Only the lines from the one with "végrehajtásáról szóló beszámolót." to the end of the listing below should be set down, exactly as written and without any pictures.

(Recorded information begins)

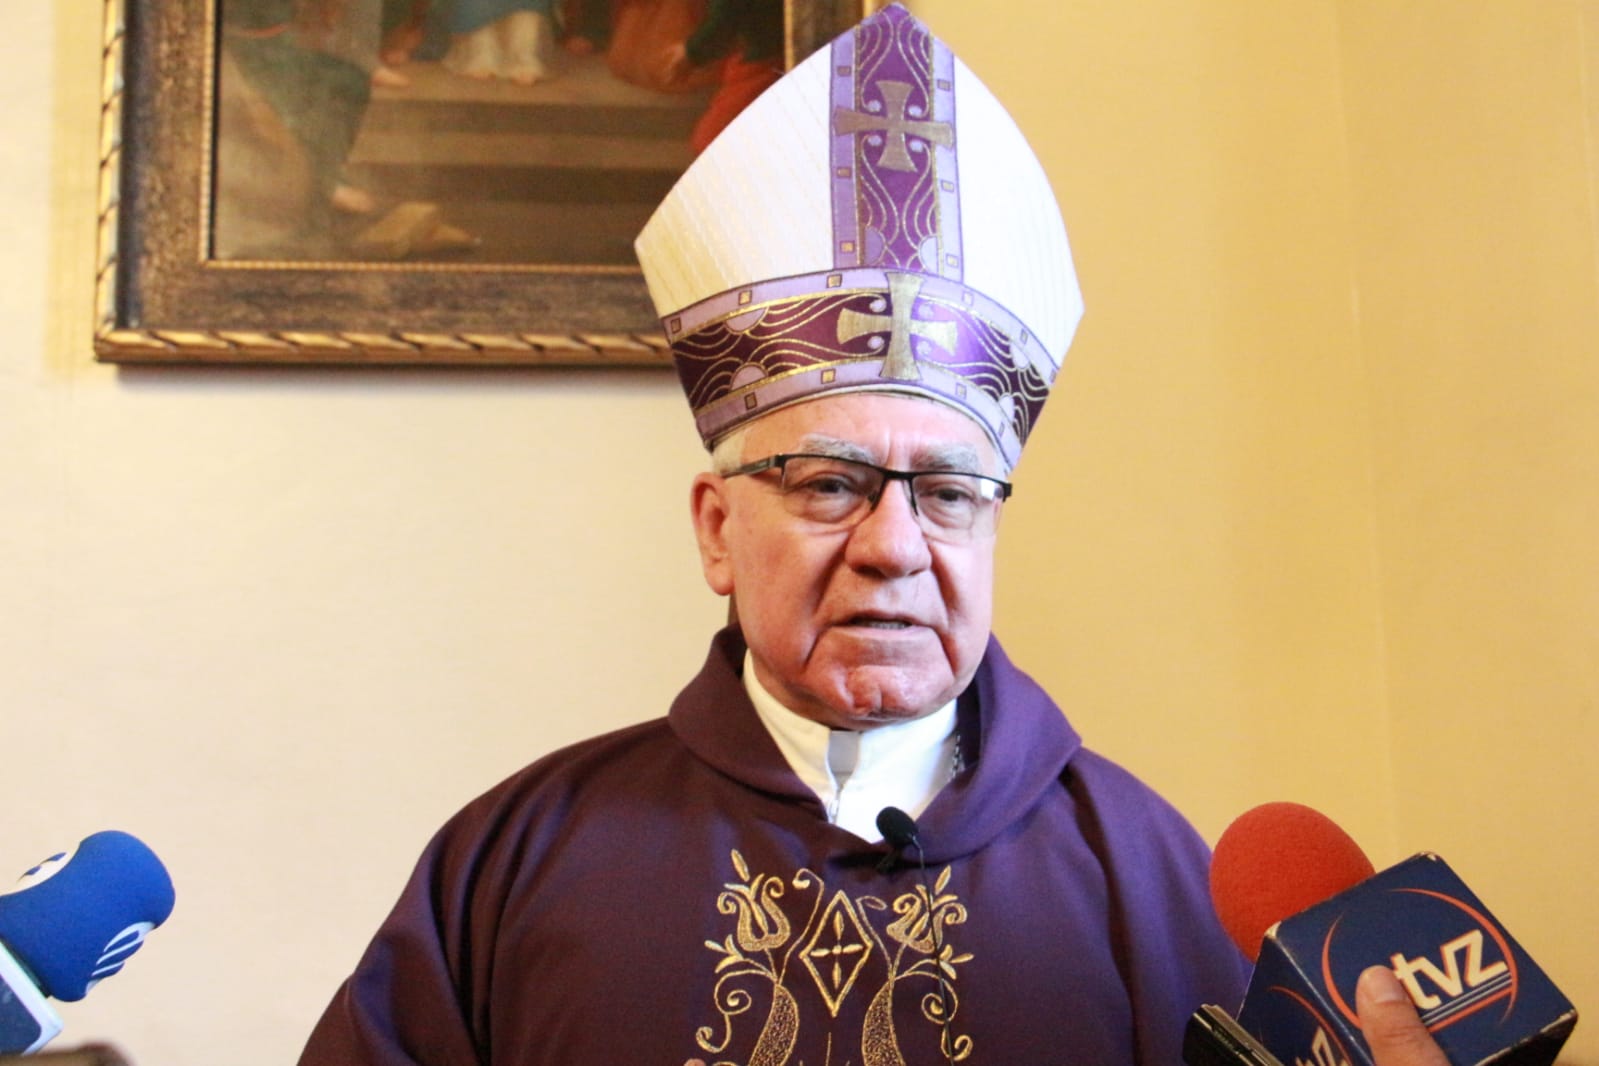 Restos de cardenal Lozano Barragán llegan mañana viernes a Zamora para ser sepultados
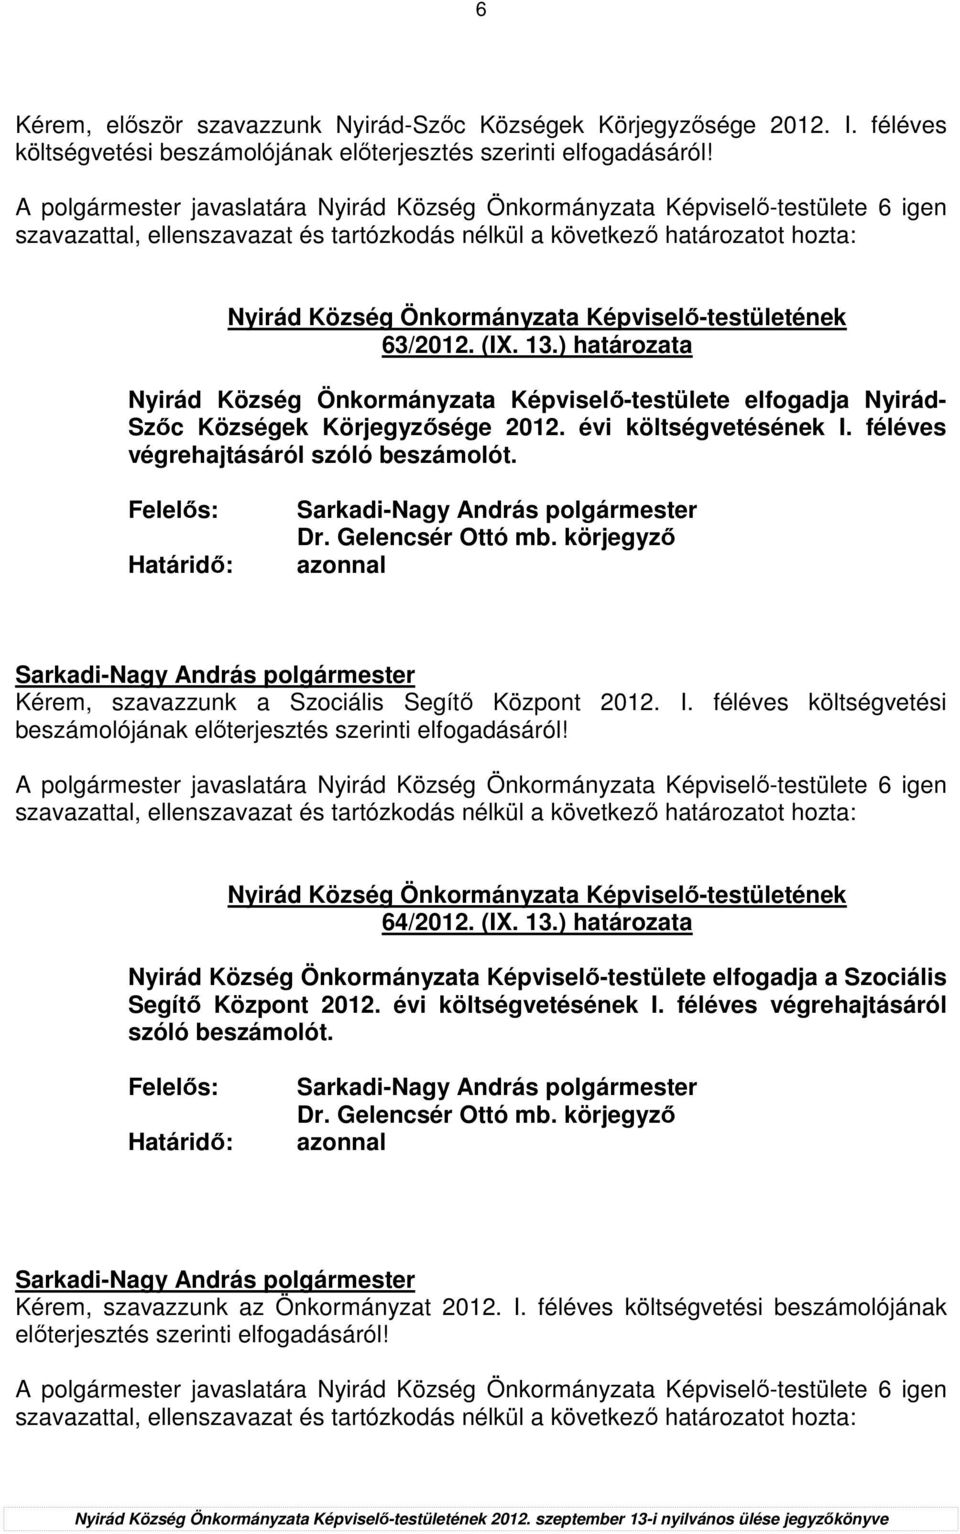 ) határozata Nyirád Község Önkormányzata Képviselı-testülete elfogadja Nyirád- Szıc Községek Körjegyzısége 2012. évi költségvetésének I. féléves végrehajtásáról szóló beszámolót.
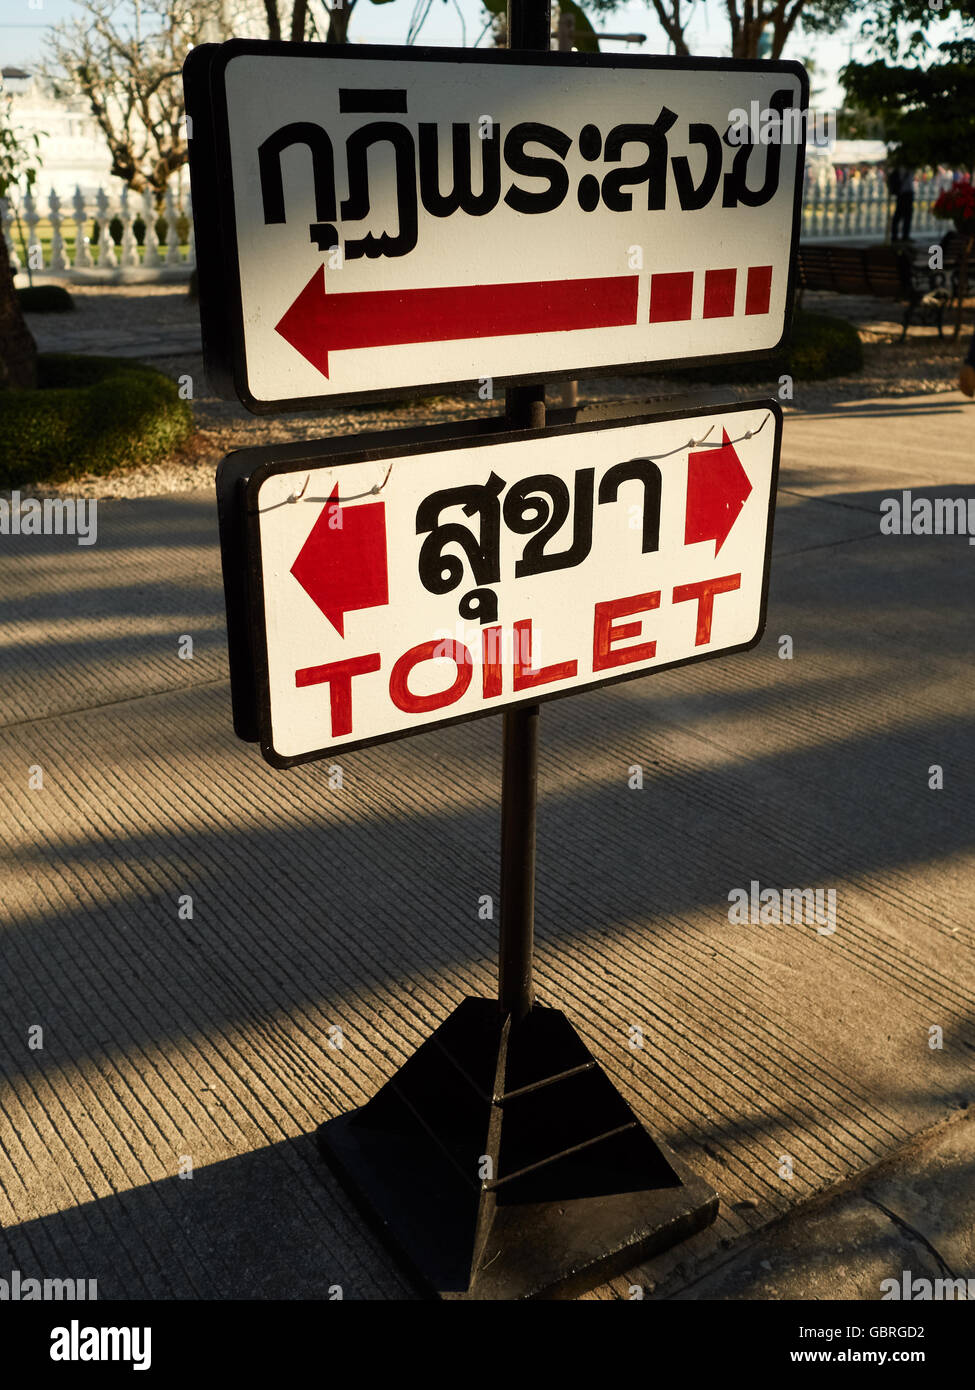 Inscrivez-toilettes en anglais et la langue thaï Banque D'Images

(Recorded information ends)

• Result of the exercise:
 ) határozata Nyirád Község Önkormányzata Képviselı-testülete elfogadja Nyirád- Szıc Községek Körjegyzısége 2012. évi költségvetésének I. féléves végrehajtásáról szóló beszámolót.
 Inscrivez-toilettes en anglais et la langue thaï Banque D'Images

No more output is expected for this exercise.